Our tracking of consumer purchases showed a mild pullback in retail spending in February, coinciding with the end of the federal tax holiday and a severe snowstorm in parts of Ontario. Hiring demand has showed some signs of slowing, but remains relatively resilient. Job openings posted on indeed.com have declined, but remain 11% above lows in October last year. We expect February’s pause in Canadian employment growth extended to a 10,000 decline in March and the unemployment rate rose to 6.7% from February’s 6.6%, but it still remains below November’s 6.9% peak.
Watch out for Canada’s rank as well as rate in reciprocal tariffs
Backward looking economic data in Canada still looks relatively resilient, but international trade risks are clouding the outlook.

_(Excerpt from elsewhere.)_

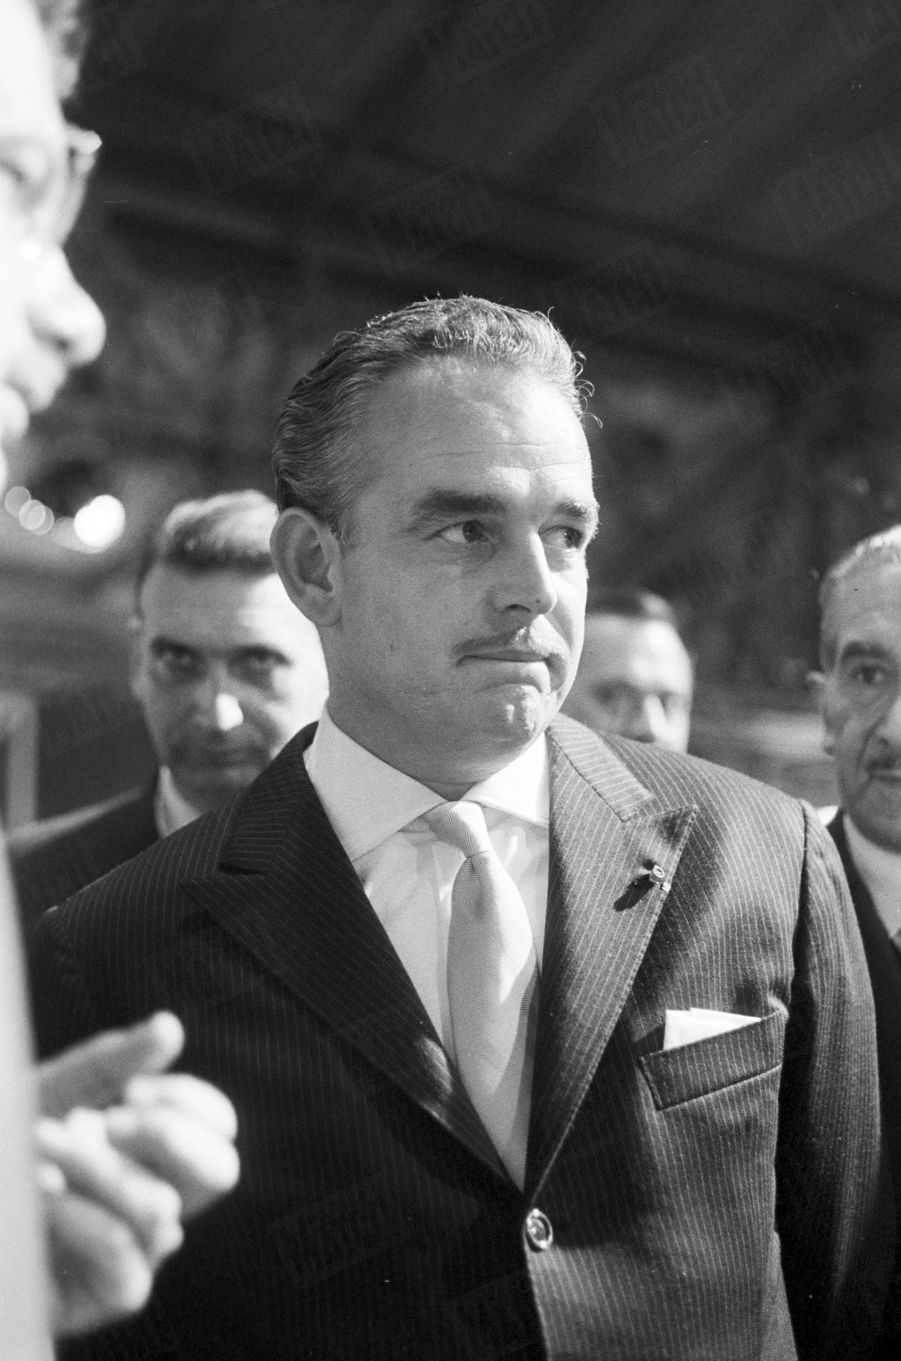 Le prince Rainier de Monaco en visite officielle à Paris, octobre 1959.

We know the U.S. reciprocal tariffs announcement is meant to represent a catch-all trade response to tariffs charged by trading partners, as well as a broad range of other policies the U.S. administration views as unfairly disadvantaging them (e.g., perceived currency manipulation, digital services taxes, value added taxes like Canada’s GST—see the Issue in focus here for more).
What exactly those measures look like remains highly uncertain, but targeting a broader swath of U.S. trade partners would mark a shift from measures announced so far that have been focused on the U.S.’s largest trade partners, namely China, Canada, and Mexico. We expect that where Canada ranks on the list of potential tariff increases next week compared to other regions will be as important as the rate itself. Canada was the U.S.’s second largest trade partner in 2024 in total export and import flows, but ranked as just the 9th largest source of the U.S. merchandise trade deficit (the deficit coming entirely from oil and gas products).
We have argued before that tariffs are unlikely to shrink the total U.S. trade deficit in the near-term (beyond potential distortions like the front-running of imports ahead of expected tariff hikes). But one of the major concerns from tariff measures to-date has been the narrow focus on a handful of countries including Canada, which provides a strong incentive for U.S. buyers to shift purchases away to other exporters. There are no absolute winners in a trade war, and the threat also remains that blanket tariffs briefly imposed on Canadian exports in early March could be re-imposed. But, a smaller tariff rate gap between Canada and other countries/regions could also arguably be a less damaging scenario for Canada than the current status quo.
Week ahead data watch
We expect Canadian employment edged down 10,000 in March after slowing to just 1,000 in February. It retraces only a fraction of the 76,000 jobs jump in January. Job openings from indeed.com into the second half of March are pointing to relatively resilient, but still softening hiring demand. Growth in the available labour supply will increasingly be restricted by slower population growth.
We expect the Canadian trade balance to come in at $3.4 billion in February, slightly down from the $4 billion in the prior month, but still elevated at least in part due to inventory building ahead of threatened U.S. import tariffs. We expect both exports and imports declined during that month given a 5% decline in oil prices lowering the energy trade balance. Rail carloading activities were also lower in February.
We expect U.S. payroll employment rose by 138,000 in March—roughly in line with the average increase over the prior two months. Hiring is expected to continue to slow in the public sector. We expect the unemployment rate to hold steady at 4.1%.
The advance estimate of the U.S. goods trade deficit edged lower, but remained wide after spiking higher in January. A 4% jump in exports was led by higher by auto products in the advance report, while imports remained high dipping just 0.2% after a 12.5% jump in January. Imports of industrial supplies edged down 5% after surging in the prior months on larger imports of non-monetary gold.